__REQUIREMENT__: Print exactly the lines from the one that contains "jeep cherokee parts catalogs" through the last line of the material, both included, and leave out all pictures.

__INFORMATION SHOWN__:
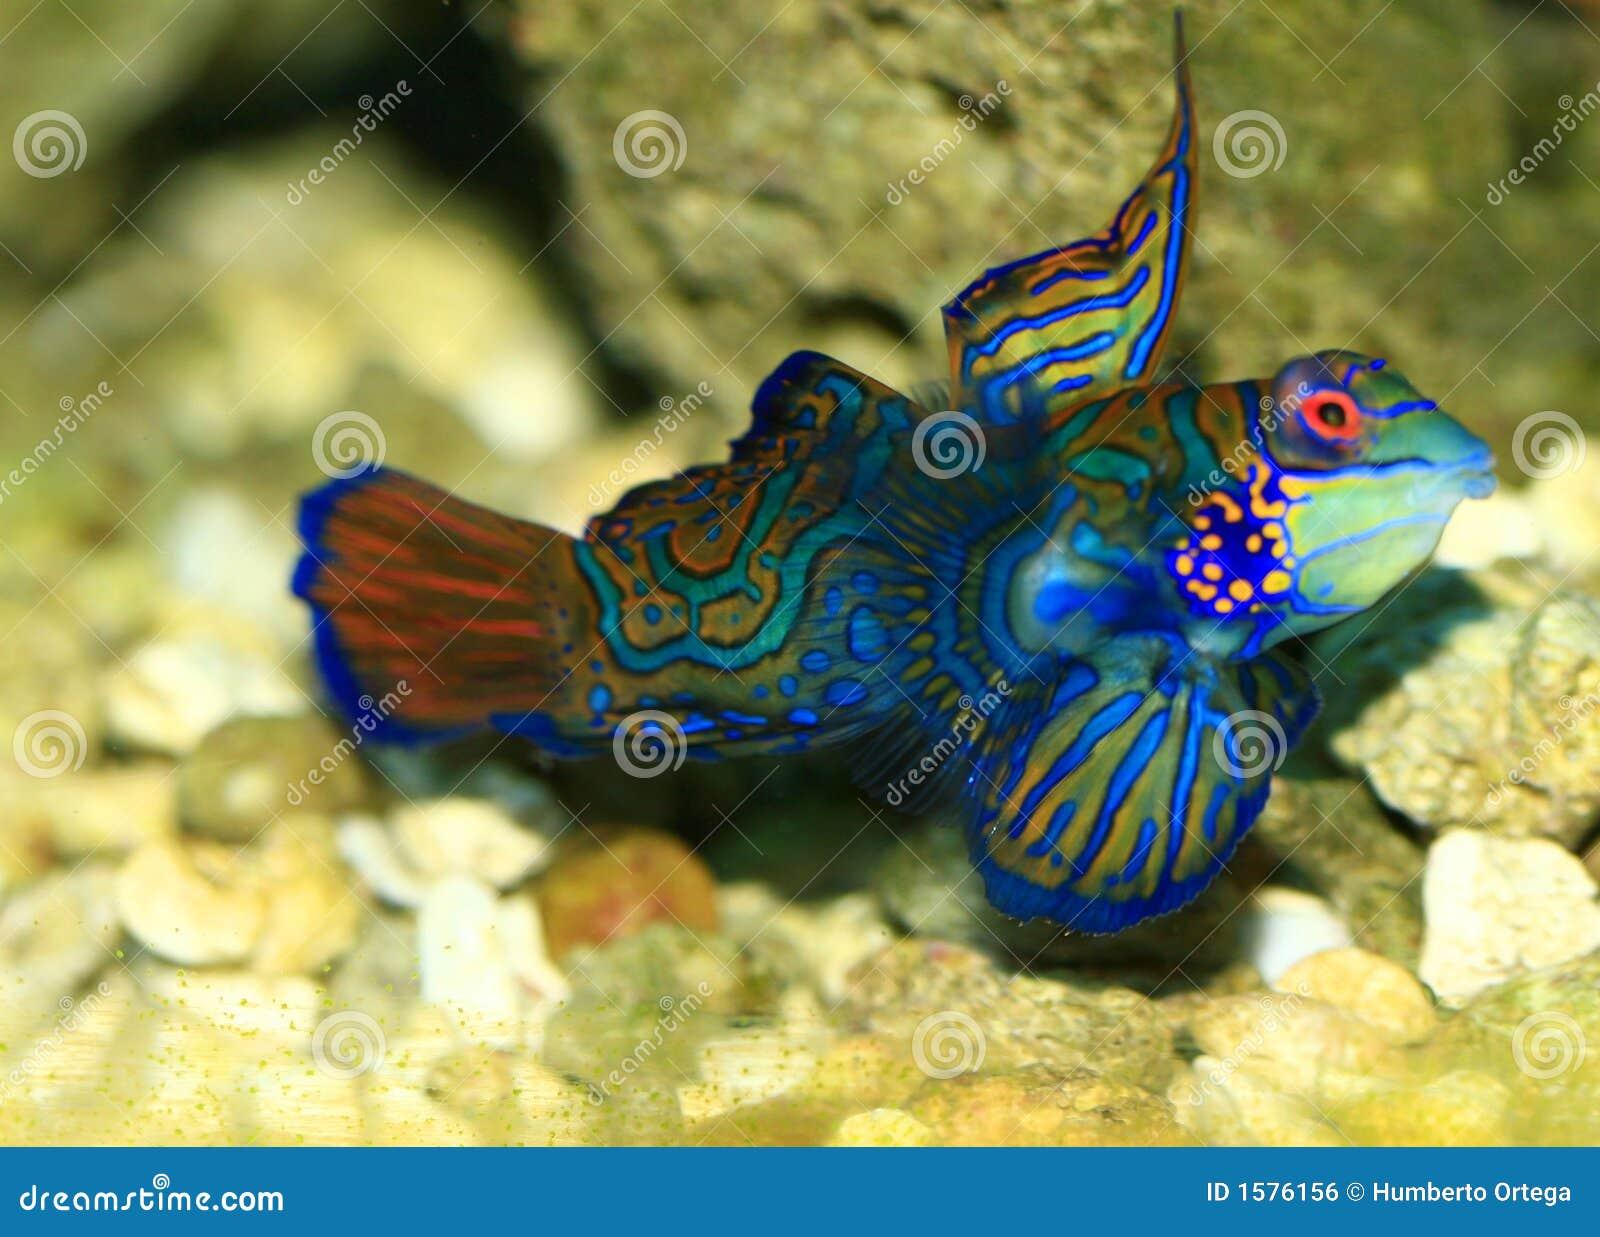 Tropical Fish Royalty Free Stock Image - Image: 1576156
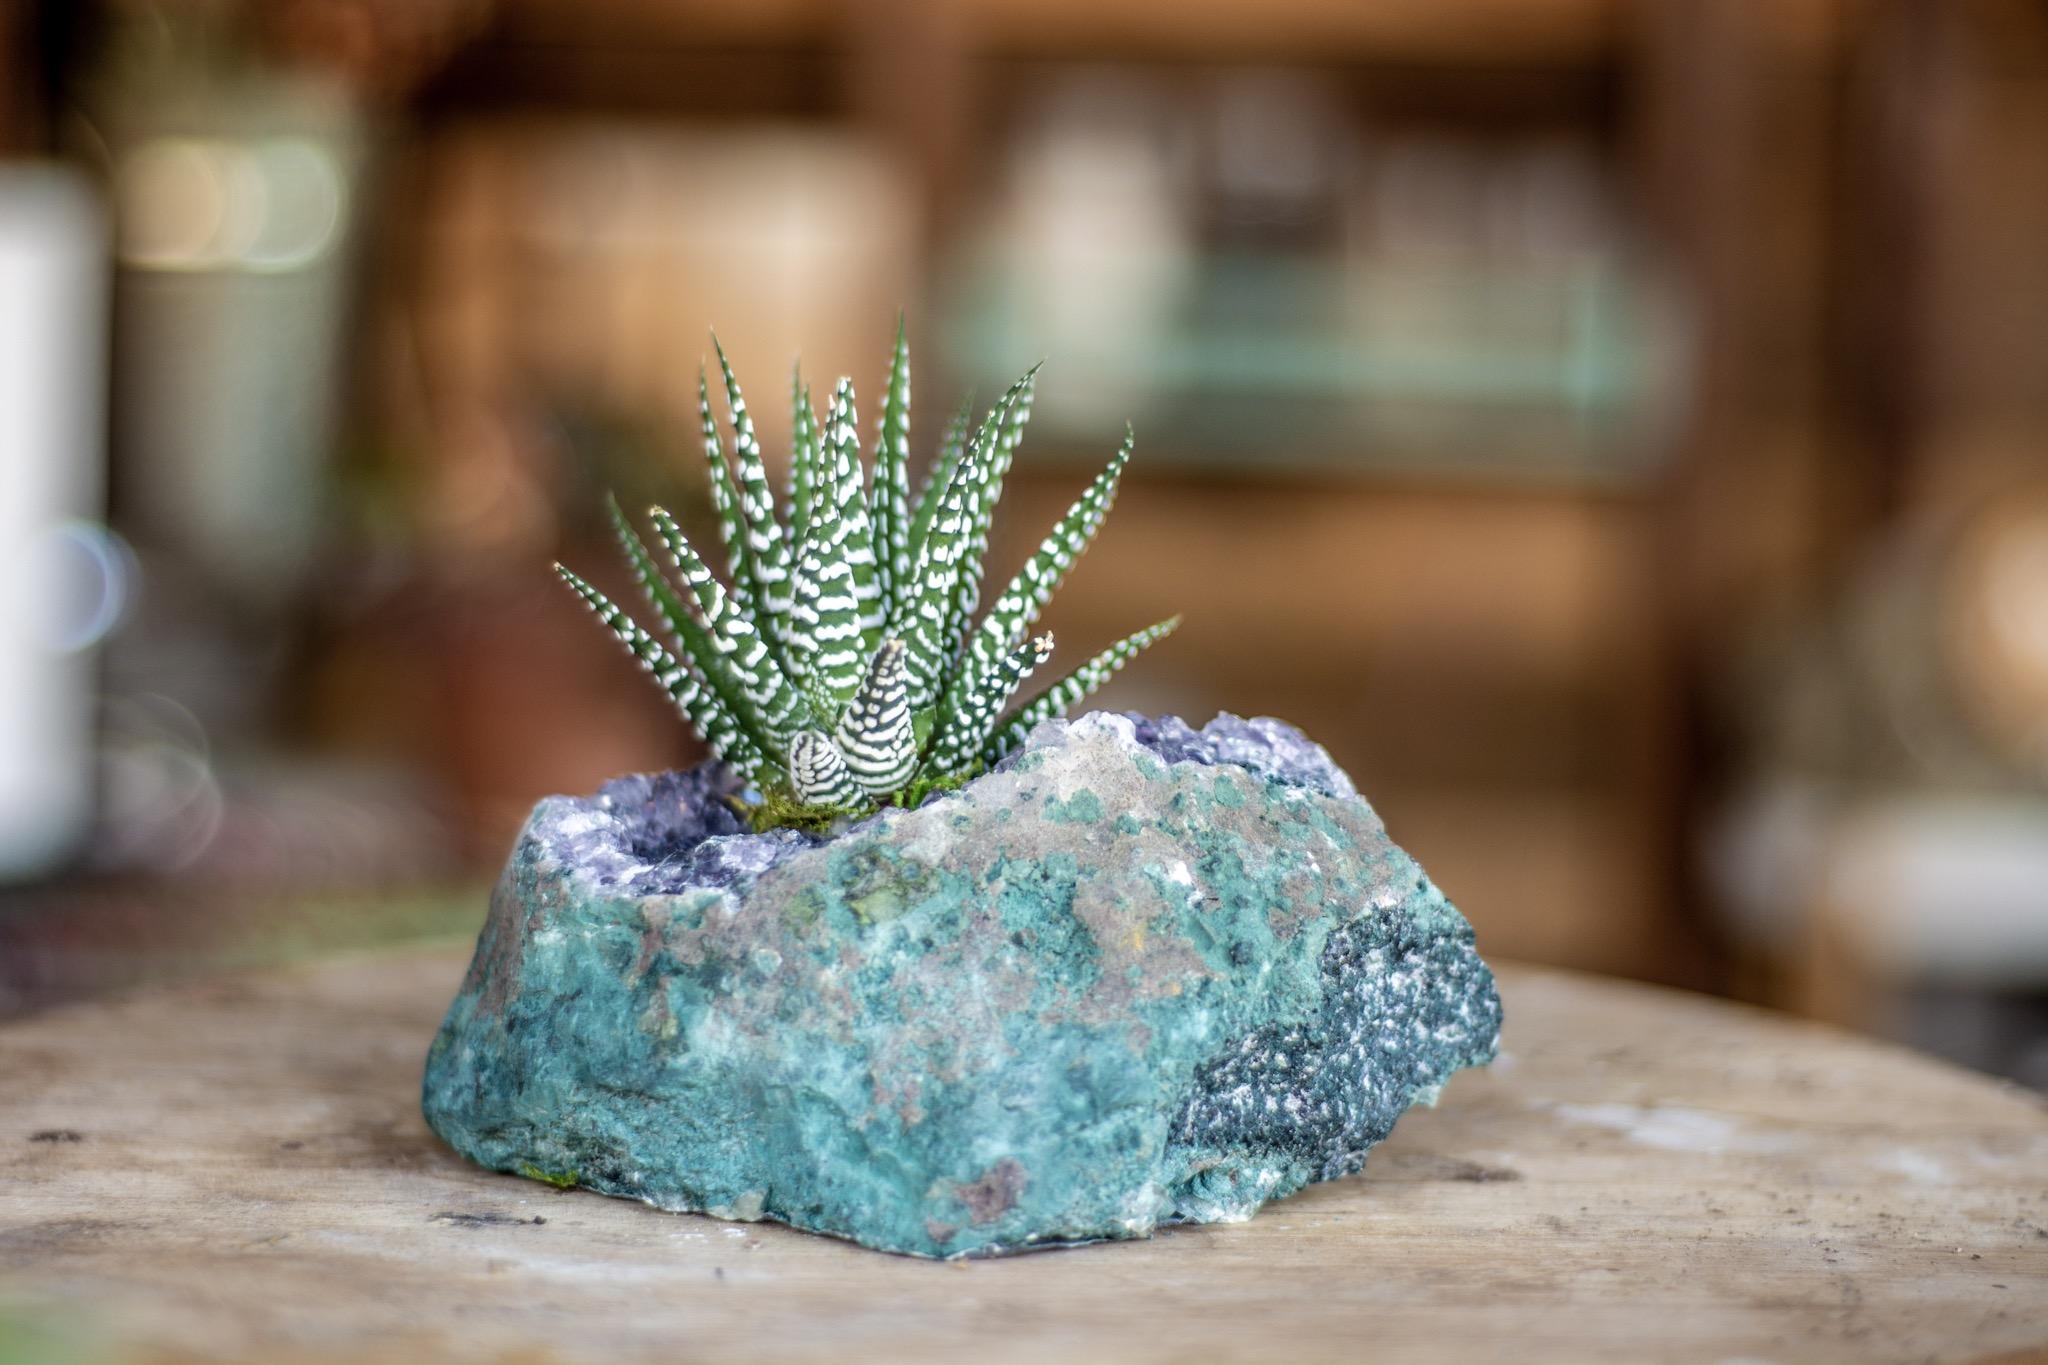 infinitesucculent_crystals_ccbiz_gabaccia__GAB5861.jpg
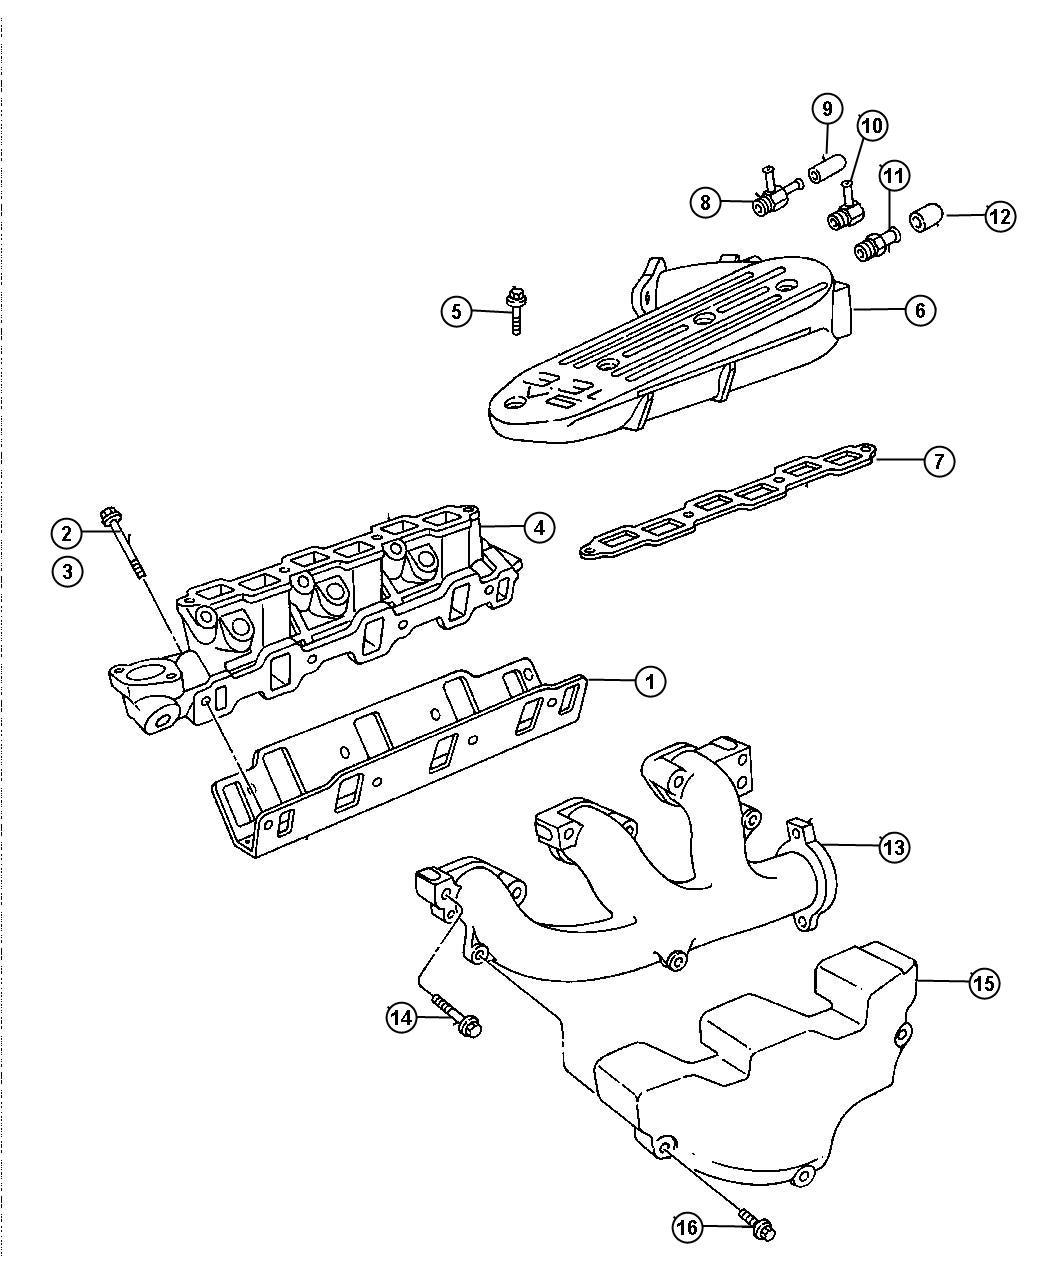 jeep cherokee parts catalogs
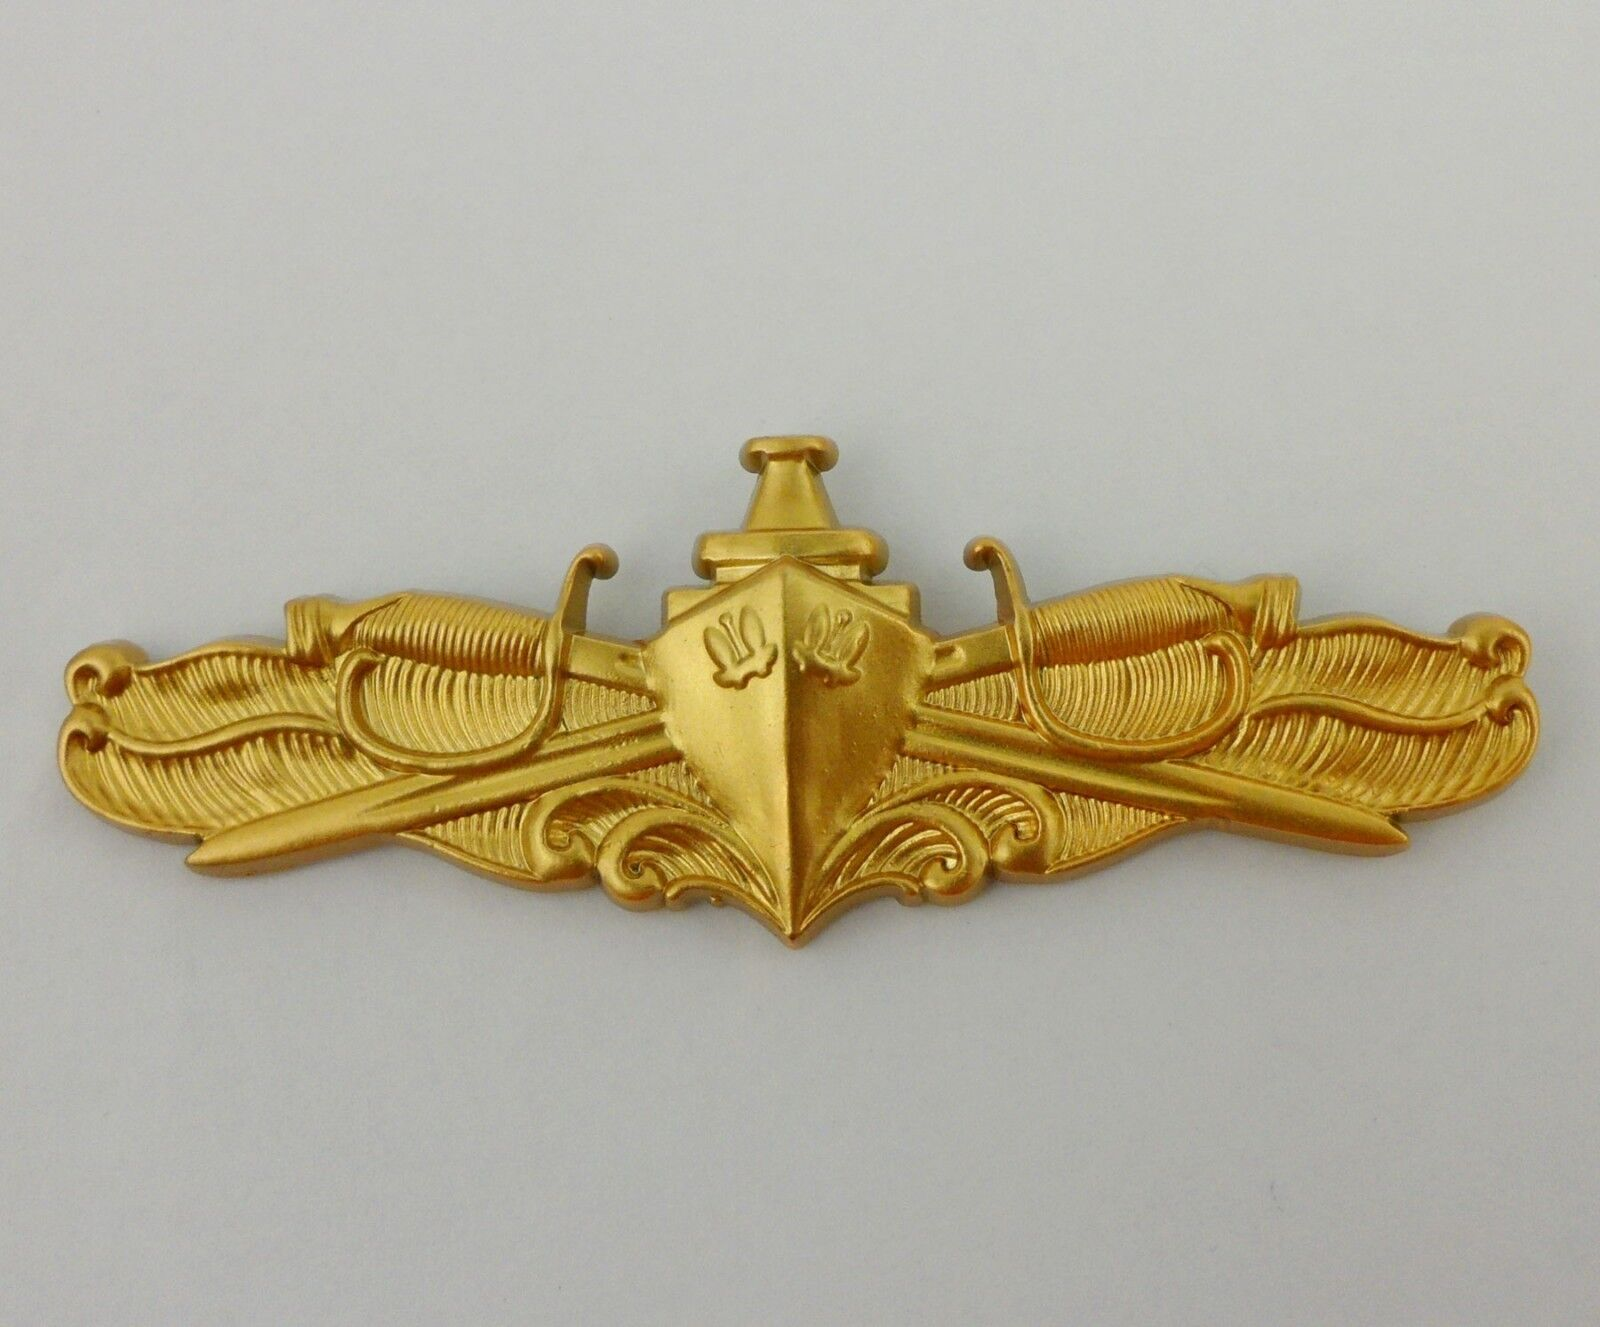 Mini Genuine U.S NAVY BADGE SURFACE WARFARE MEDICAL Gold Badge Pin Insignia

__RESPONSE AREA__:
 jeep cherokee parts catalogs
 Mini Genuine U.S NAVY BADGE SURFACE WARFARE MEDICAL Gold Badge Pin Insignia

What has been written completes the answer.